Task:
Would you please return the data below verbatim, without its pictures?

Exercise data:
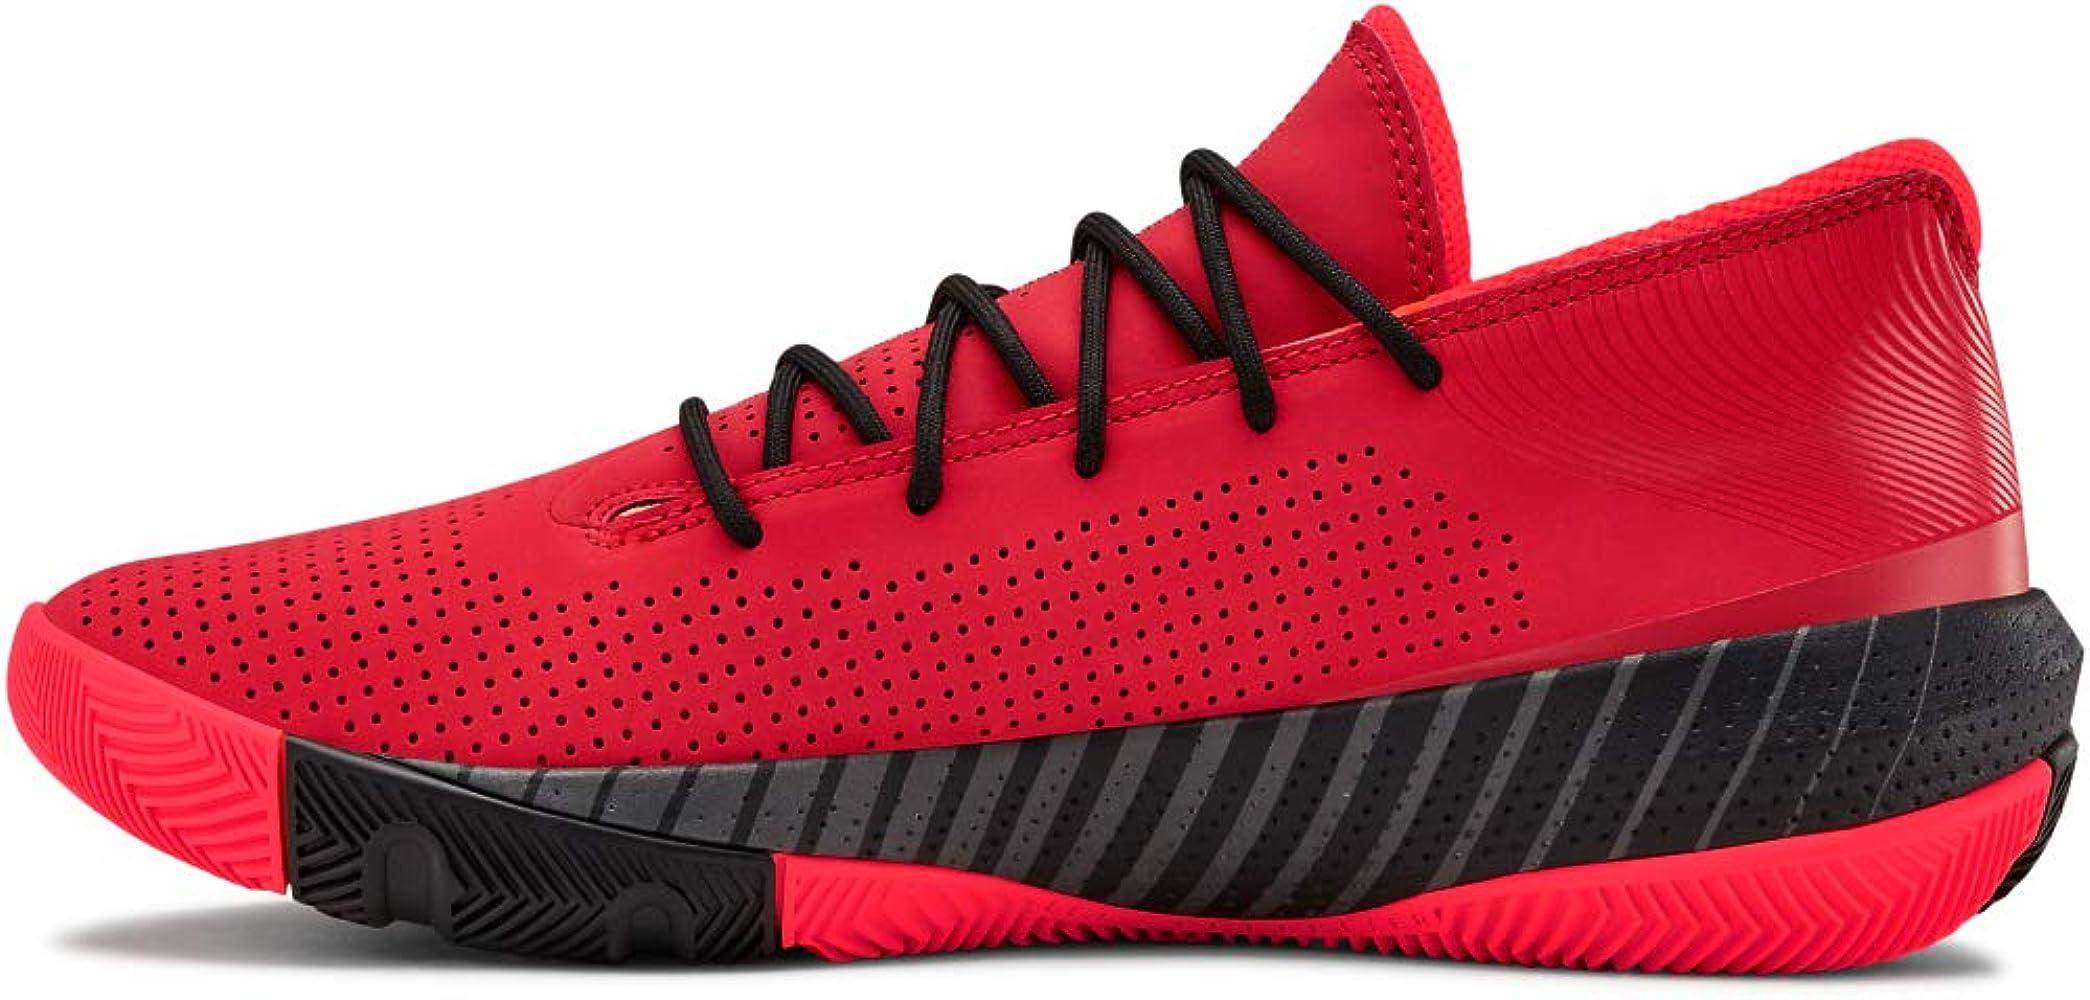 Under Armour Sc 3zer0 Iii Zapatos de Baloncesto Hombre, Rojo (Red ...
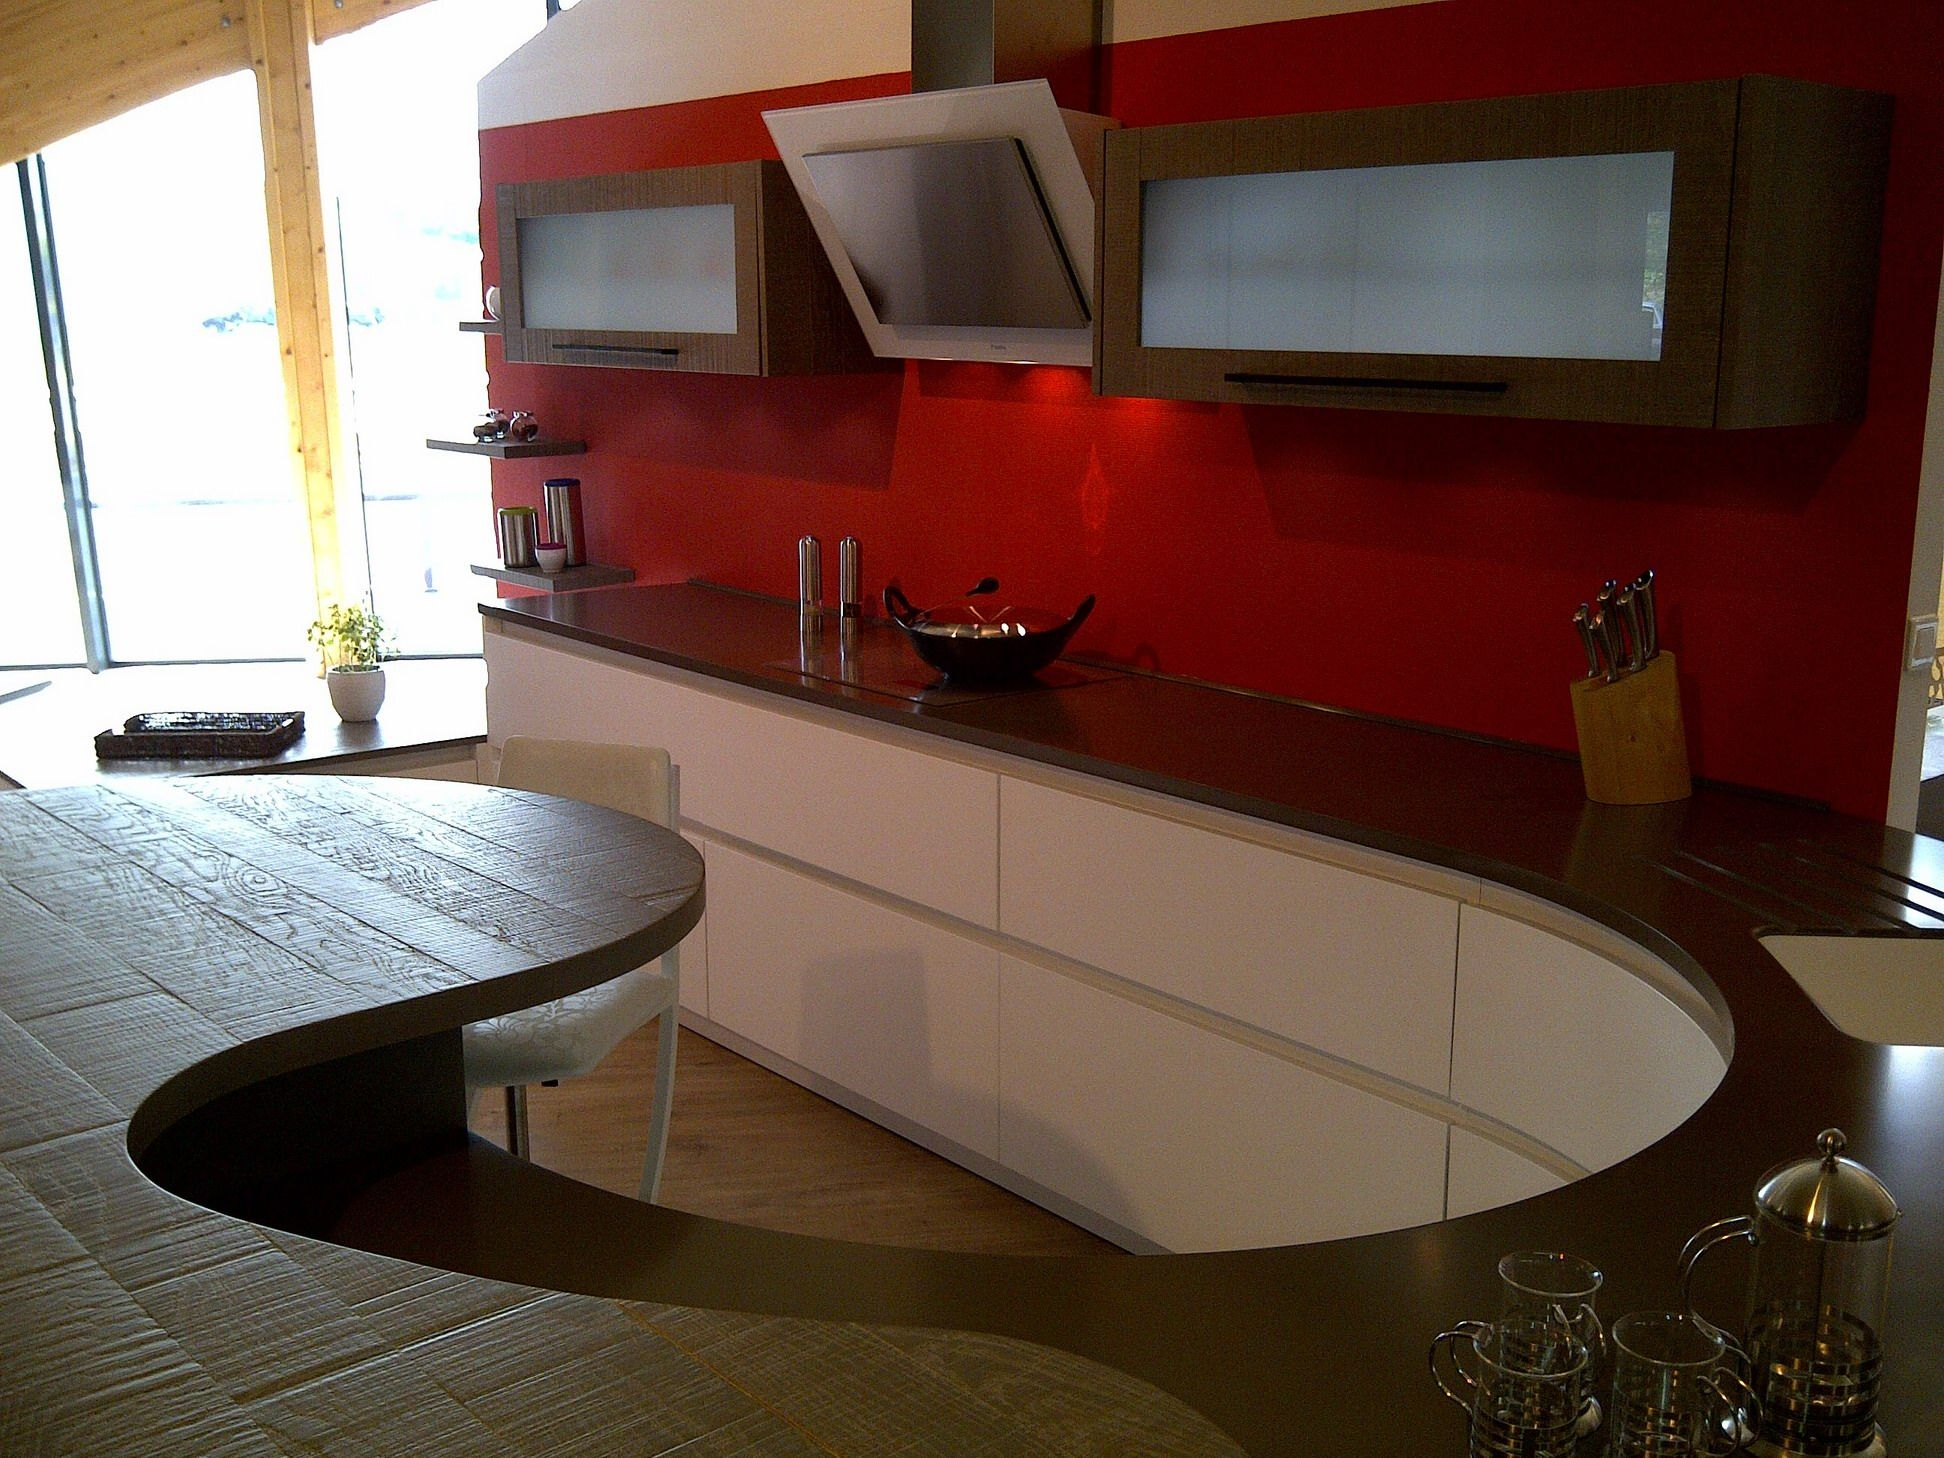 Campana extractora de pared pando p 731 cocinas con for Guardas decorativas para cocina
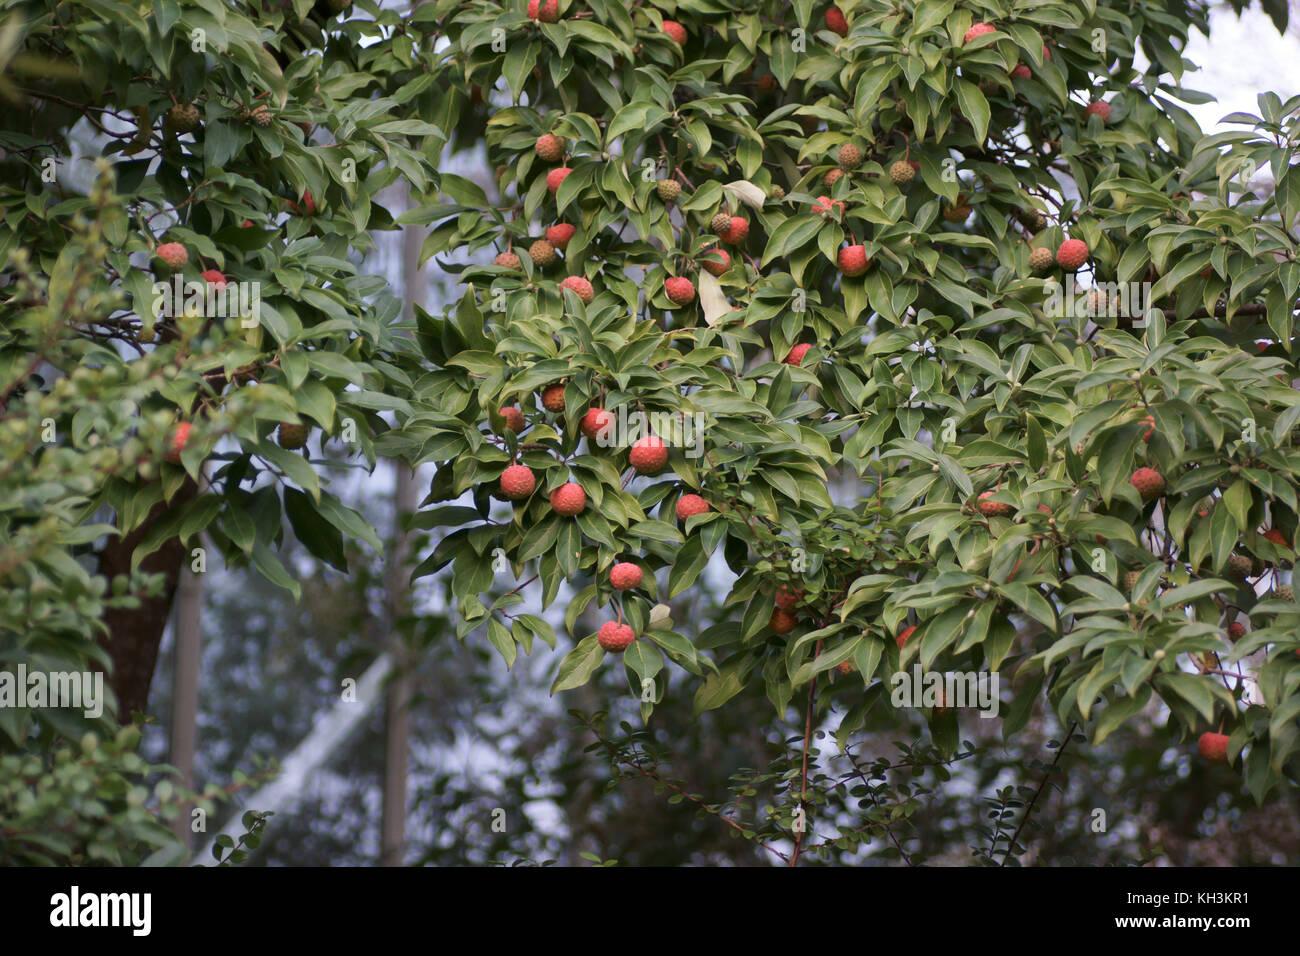 Fruits of Cornus capitata (Himalayan Srawberry Tree) - Stock Image

Result of the exercise:
 Under Armour Sc 3zer0 Iii Zapatos de Baloncesto Hombre, Rojo (Red ...
 Campana extractora de pared pando p 731 cocinas con for Guardas decorativas para cocina
 Fruits of Cornus capitata (Himalayan Srawberry Tree) - Stock Image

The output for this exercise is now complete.